**Work item**. Line by line, retype the material exactly and leave each picture out.

**Supplied data**.
# # #

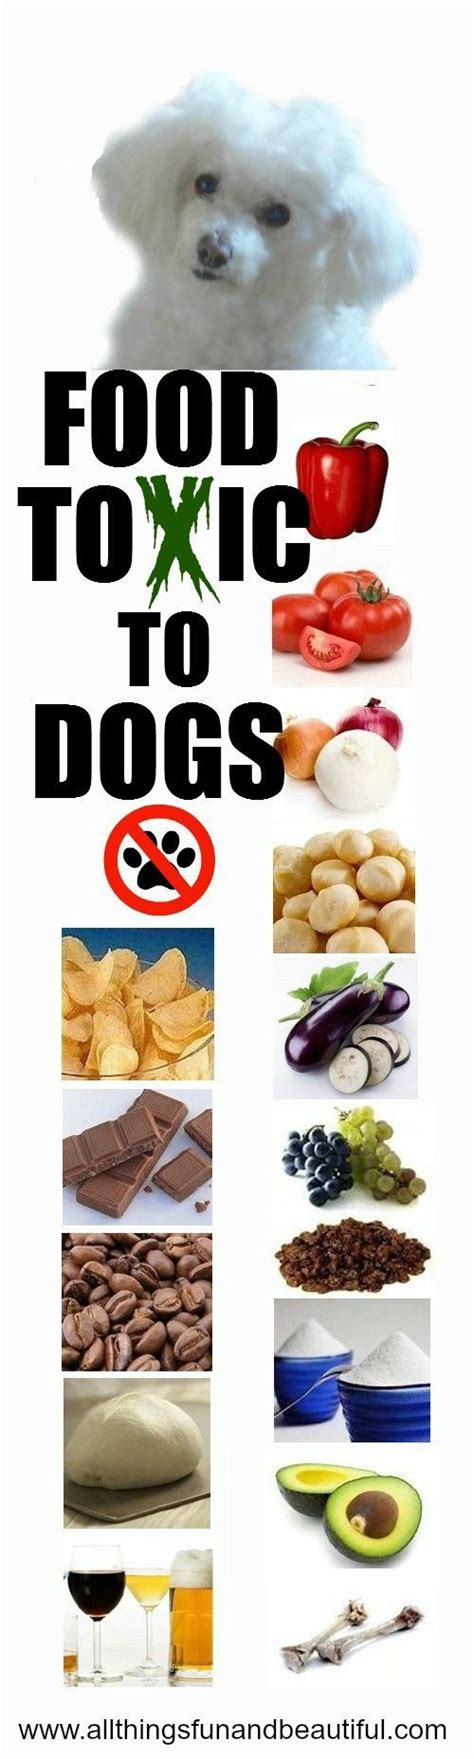 You can find us at our retail kitchens, inside veterinary clinics and hospitals, at pet food express stores in california, and petco locations nationwide. View the list of poisonous foods to avoid, including ...
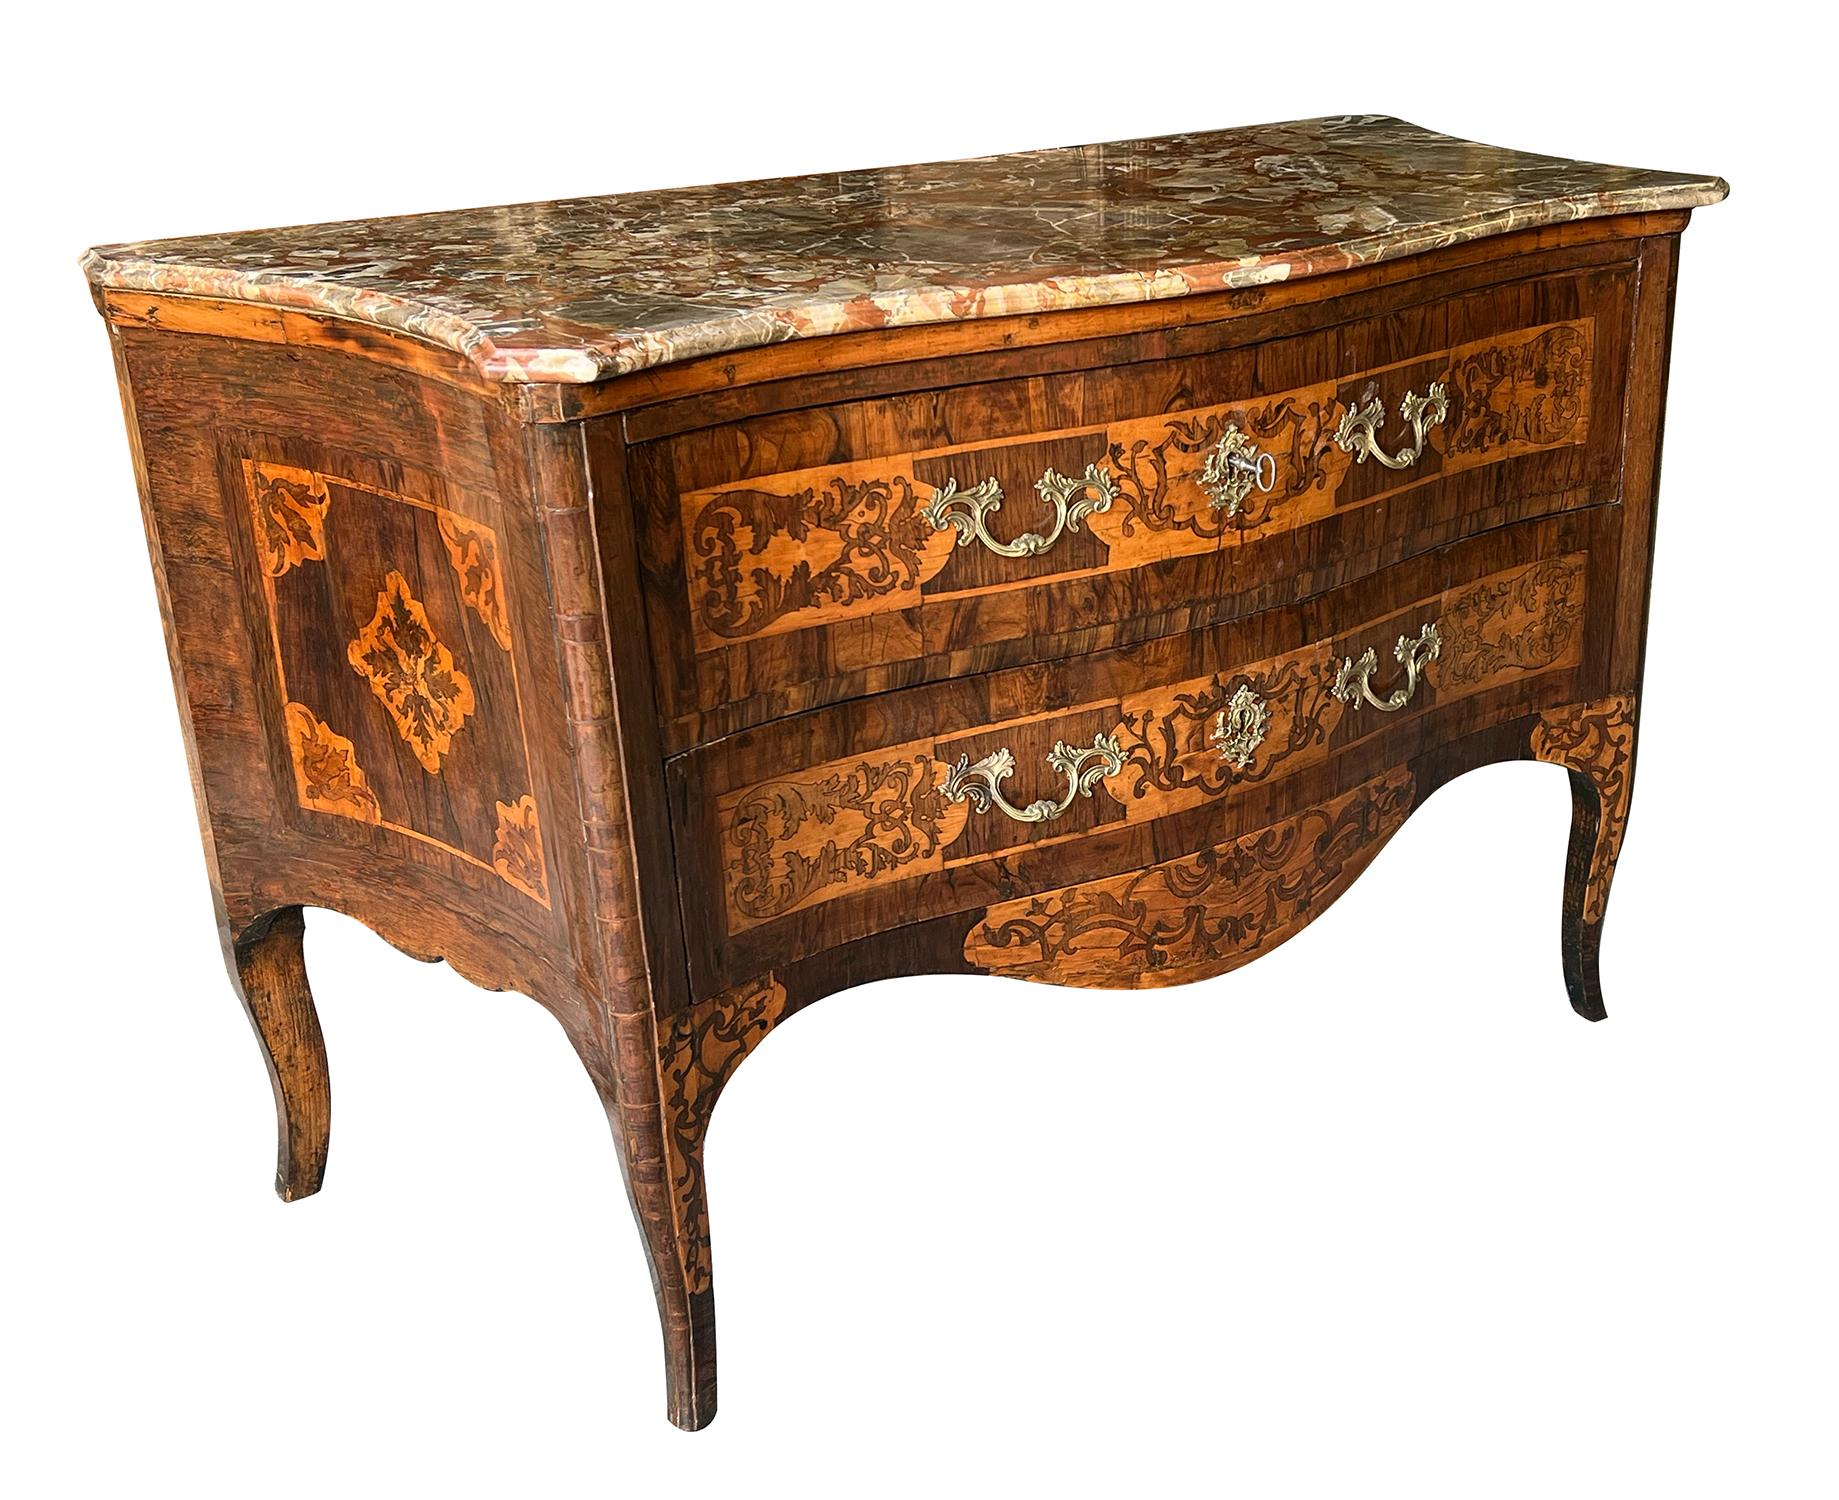 Italian Rococo Serpentine Form 2-Drawer Inlaid Chest with Marble Top For Sale 3
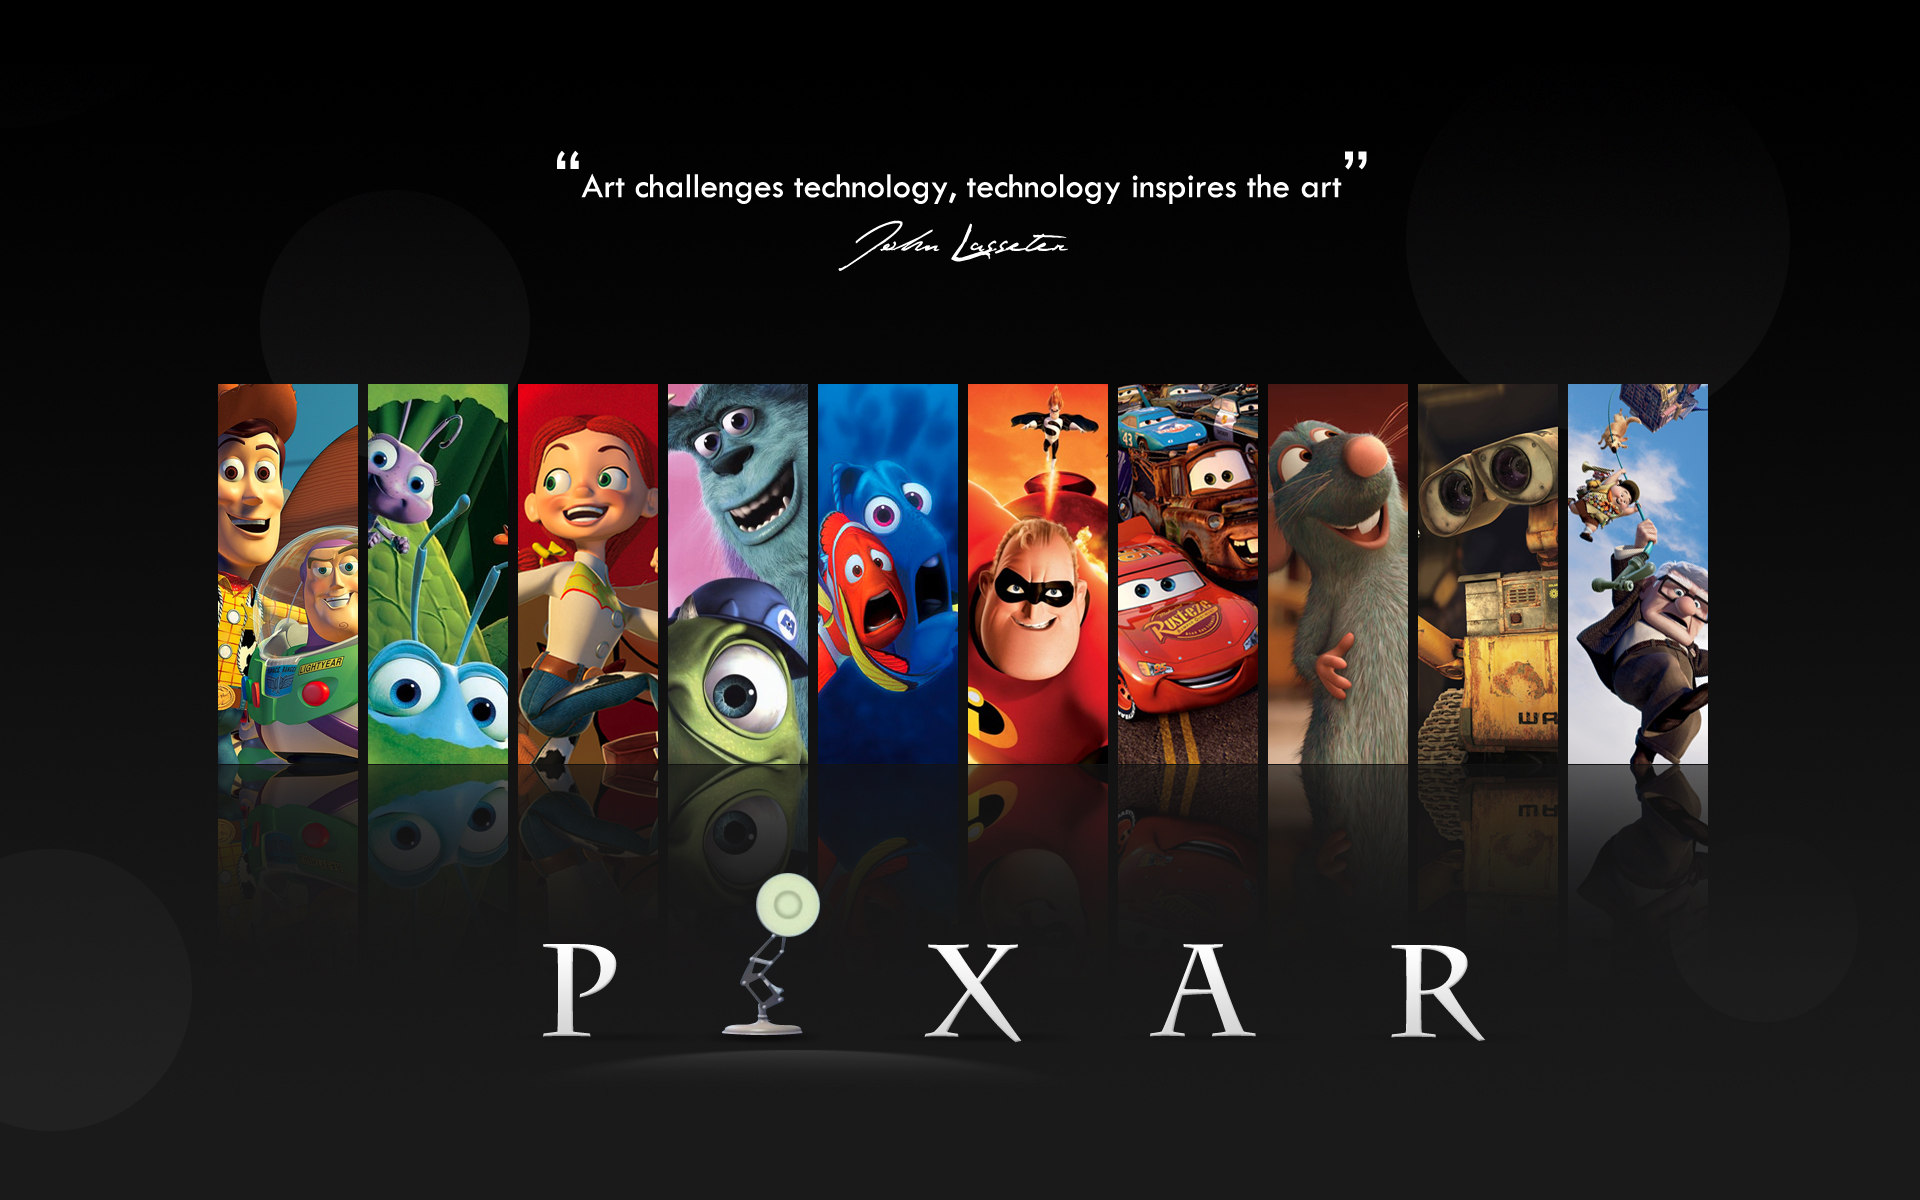 Pixar, movies, Wall-E, cars, quotes, Up (movie), Finding Nemo, Ratatouille, Toy Story, The Incredibles, A Bug's Life - desktop wallpaper

# # #

**Solution**.
 You can find us at our retail kitchens, inside veterinary clinics and hospitals, at pet food express stores in california, and petco locations nationwide. View the list of poisonous foods to avoid, including ...
 Italian Rococo Serpentine Form 2-Drawer Inlaid Chest with Marble Top For Sale 3
 Pixar, movies, Wall-E, cars, quotes, Up (movie), Finding Nemo, Ratatouille, Toy Story, The Incredibles, A Bug's Life - desktop wallpaper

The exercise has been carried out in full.